- Chicago ag futures are mixed at midday with corn and wheat higher, while soybean futures have traded either side of unchanged. Volume has been modest.
- The US Central Bank provided an emergency 50-point basis cut in lending rates which surprised the world financial marketplace. The DOW rallied 200 points following the Fed’s rate cut but is down 400 points at midday.
- The emergency Fed rate cut is worrying the market that future economic growth rates could decline dramatically amid Covid-19. The US Central Bank is trying to get ahead of a slowdown in world economic activity. The problem is that the Fed cannot cure the world of Covid-19 and that only a vaccine/treatment via science can end or slow the virus’s spread.
- The US Central Bank can buffer the impact, but the unknown is how much the supply chain or demand will adversely be affected. It is just too early make any comment about the degree of US economic slowing, but traders are worried about the ongoing spread of community Covid-19 within the US and the world.
- Chicago brokers estimates that fund managers have bought 11,000 contracts of corn and 5,000 contracts of wheat while being flat in soybeans. Funds were active grain buyers right from the reopening. Funds have also bought 1,200 contracts of soymeal and 2,600 contracts of soyoil.
- Rumours abound that China is asking for FOB offers of; US corn, spring wheat and sorghum. We cannot confirm any actual US sales. Several US exporters report that their phone has not rung from China for weeks, but they are hopeful that China will be calling following the start of issuing of duty exempt import licenses in coming days.
- We note that China has not ended its antidumping policy in US DDGs. which is preventing interest for this meal. There are open TRQ import licenses that could be used for 2.5-3.0 my of world corn. If China needs corn immediately, they can take it off the PNW (even with high foreign matter), but Argentine fob corn is cheaper by 17 cents/bu for April and 20 cents cheaper than the Gulf for May/June. By July, US Gulf corn is 30 cents more expensive than Argentine fob offers.
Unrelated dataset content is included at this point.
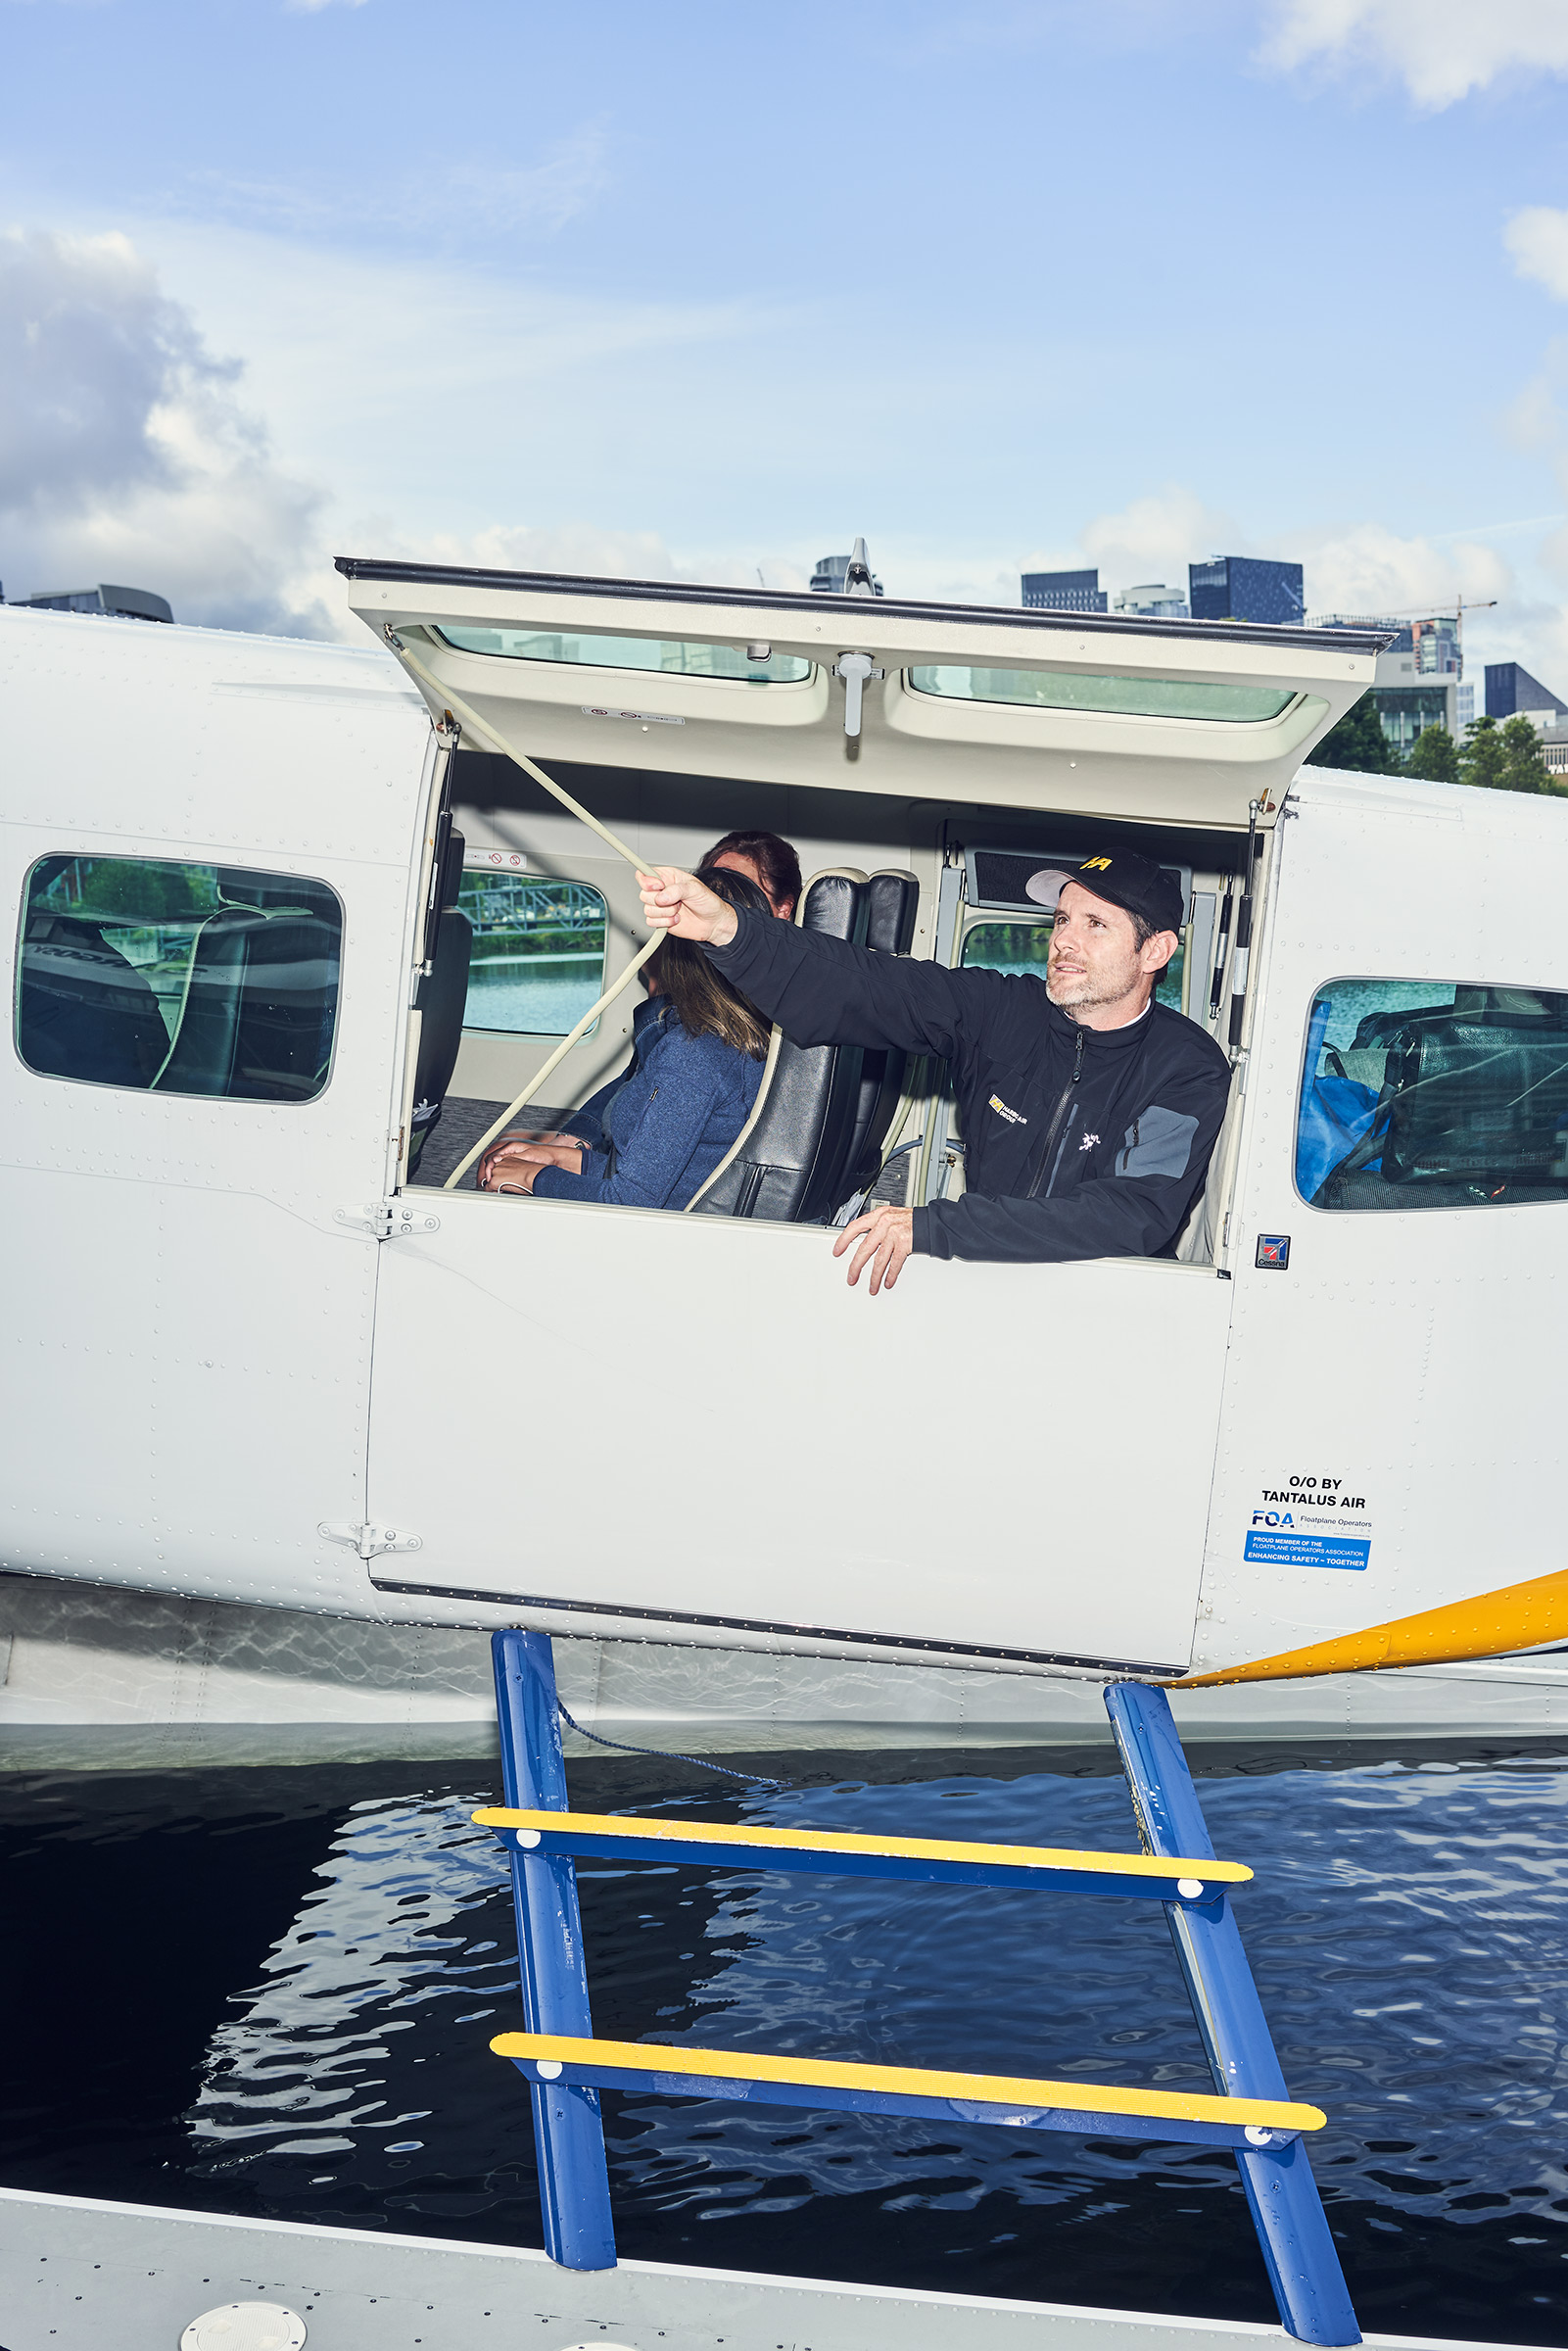 A Harbour Air crew member prepares for take-off on a seaplane flying from Seattle to Vancouver on July 11. When the Vancouver-Seattle route launched last year, tech companies bought tickets in bulk so their employees could go back and forth between Canada and the United States easily.

The window for US corn exports is closing quickly and China’s TRQ buyers do have cheaper sources.
- Black Sea fob wheat offers keep sliding with bids at $208 and offers at $212/mt. Russia/Romania both have old crop wheat to sell and have not been able to uncover new demand. Russian wheat offers peaked in late January at $230/my. New crop Russian wheat offers rest at $195/my in a wide bid/offer spread. The market is looking for a bid with limited world demand noted.
- The midday weather forecast is similar into mid-March with rains starting to return to Central Argentina next week. Daily showers will continue across Northern Brazil while dryness persists across Argentina, Paraguay and Southern Brazil. The 11-15 day forecast calls for improving rain for C and S Brazil. It is important that better rain returns to S Brazil and Argentina from mid-March onward as heat looks to be applying stress to reproducing Argentine corn and soybean crops this week.
- China rumours are helping Chicago corn values as short sellers do not want to endure a headline. May corn futures are back to resistance and non-China grain import demand is in fast retreat. We expect a slowing US grain/soy sales pace in Thursday’s USDA weekly FAS Sales Report.
- Chicago corn and wheat cannot rally too far amid cheaper world fob offers. US corn is non-competitive beyond March.
- Brazil has been selling China soybeans into late May. China has bought a record number of Brazilian soybeans, which does not bode well for nearby US purchases. The US soybean weekly export pace is likely going to slide dramatically in coming weeks.